Shadrak secoue la tête.
— L’implant que j’ai dans ma main est réglé sur l’activité électrique de mon cerveau. Si je meurs, si l’on se livre sur moi à la moindre manipulation mentale, s’il se produit une interruption significative de mes rythmes cérébraux, la valve commence automatiquement à injecter du liquide céphalo-rachidien dans votre moelle. Ma mort prélude obligatoirement à la vôtre, monsieur le Président. Nos destins sont liés. Préservez ma vie, afin de préserver la vôtre.
— Et si je faisais ôter la valve de mon crâne pour la remplacer par une autre qui soit un peu moins… versatile ?
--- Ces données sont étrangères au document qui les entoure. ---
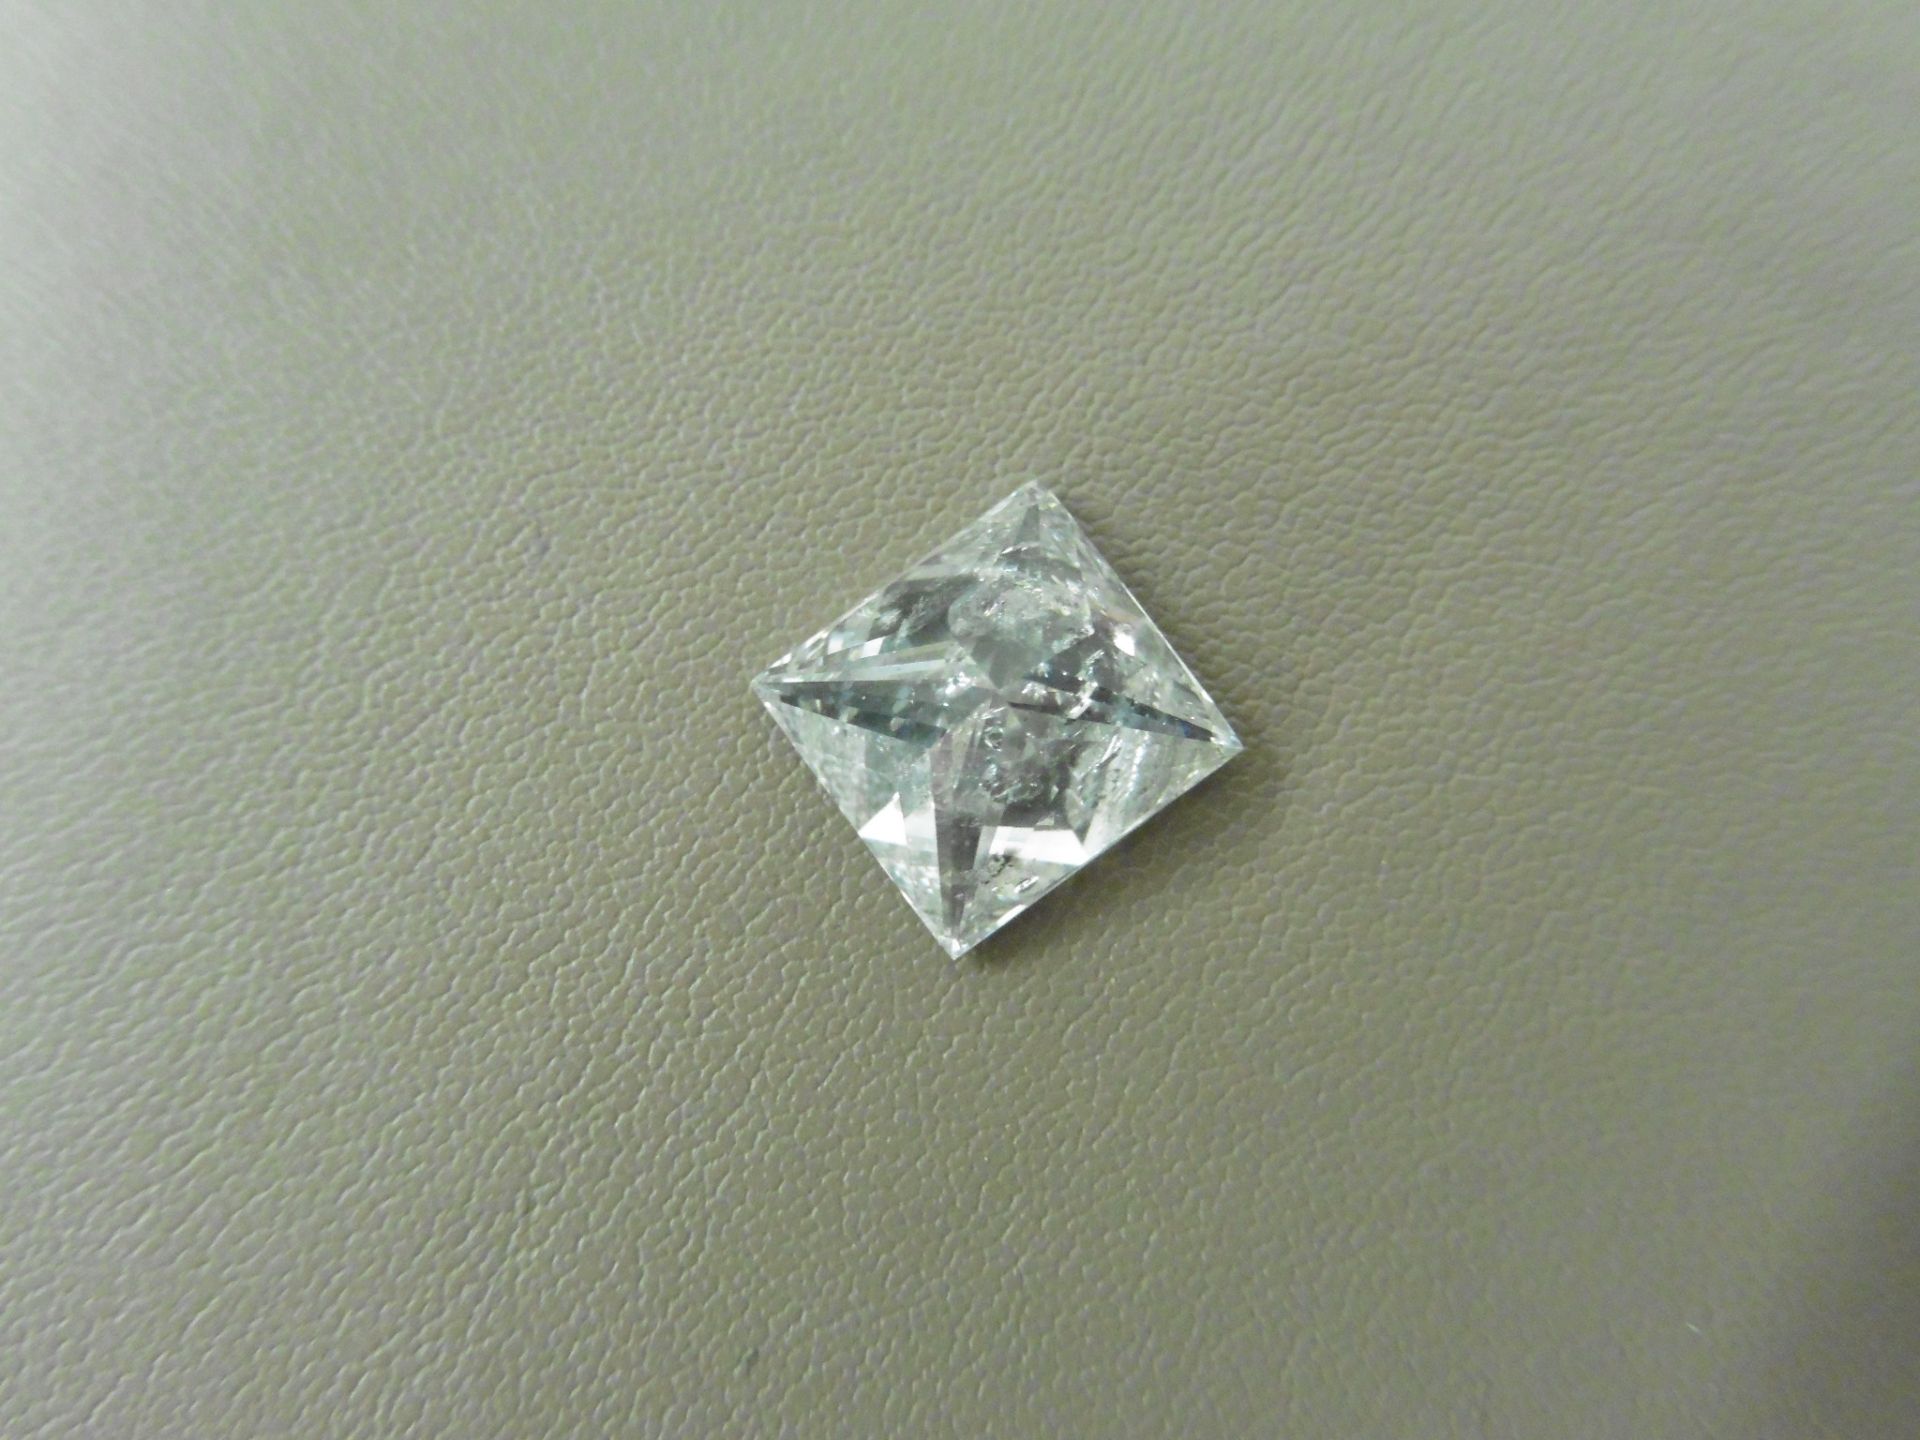 3.99ct natural loose princess cut diamond. F colour and I1clarity. EGL certification. Valued at £ - Image 5 of 5

— Non, monsieur le Président. Il vous est impossible de subir une intervention sans que j’en sois aussitôt averti par mes implants. Il va de soi que je prendrais immédiatement des mesures défensives. Non, nous sommes devenus une seule entité en deux corps, monsieur le Président. Et nous resterons ainsi à jamais.
— Très astucieux. Et qui vous a fabriqué cette petite merveille technique ?
— Buckmaster, monsieur le Président.
— Buckmaster ? Il est mort depuis le mois de mai. Vous ne pouviez alors savoir que…
— Buckmaster est toujours en vie, monsieur le Président, fait Shadrak d’une voix douce.
— Toujours en vie. Étrange.
— En effet.
— Je ne comprends pas.
Shadrak s’abstient de répondre.
— Vous m’avez planté une bombe dans le corps, déclare Gengis Mao au bout d’un moment.
— En quelque sorte, monsieur le Président.
— Mon pouvoir s’étend sur toute l’humanité. Et le vôtre s’étend sur moi, Shadrak. Mesurez-vous ce que cela fait de vous ? C’est vous le véritable khan, à présent ! Gloire à Gengis III Mao V ! Gengis Mao éclate d’un rire sauvage. Comprenez-vous cela ? Savez-vous ce que vous avez accompli ?
— Cette pensée m’a traversé l’esprit, reconnaît Shadrak.
— Vous pourriez me forcer à démissionner. Vous pourriez m’obliger à vous prendre comme successeur. Vous pourriez me tuer et assumer la présidence dans la plus parfaite légalité. Voyez-vous tout cela ? Naturellement, vous le voyez. Est-ce ce que vous comptez faire ?
— Non. La dernière chose au monde que je désire est d’être président.
— Allez-y. Agitez-moi la main sous le nez et faites un coup d’État. Prenez le pouvoir, Shadrak. Je suis vieux, je suis fatigué, je m’ennuie, je tombe en ruine. Je ne m’oppose pas à être renversé. J’admire votre astuce. Ce que vous avez fait me fascine. Personne ne m’a jamais possédé à ce point, vous en rendez-vous compte ? Vous avez réussi ce que des milliers d’ennemis n’ont pas su accomplir. Le calme et le loyal Shadrak, Shadrak sur qui l’on peut toujours se reposer, vous m’avez eu. Vous me possédez. Je suis votre marionnette, à présent, vous en rendez-vous compte ? Allez-y. Nommez-vous président. Vous l’avez bien gagné, Shadrak.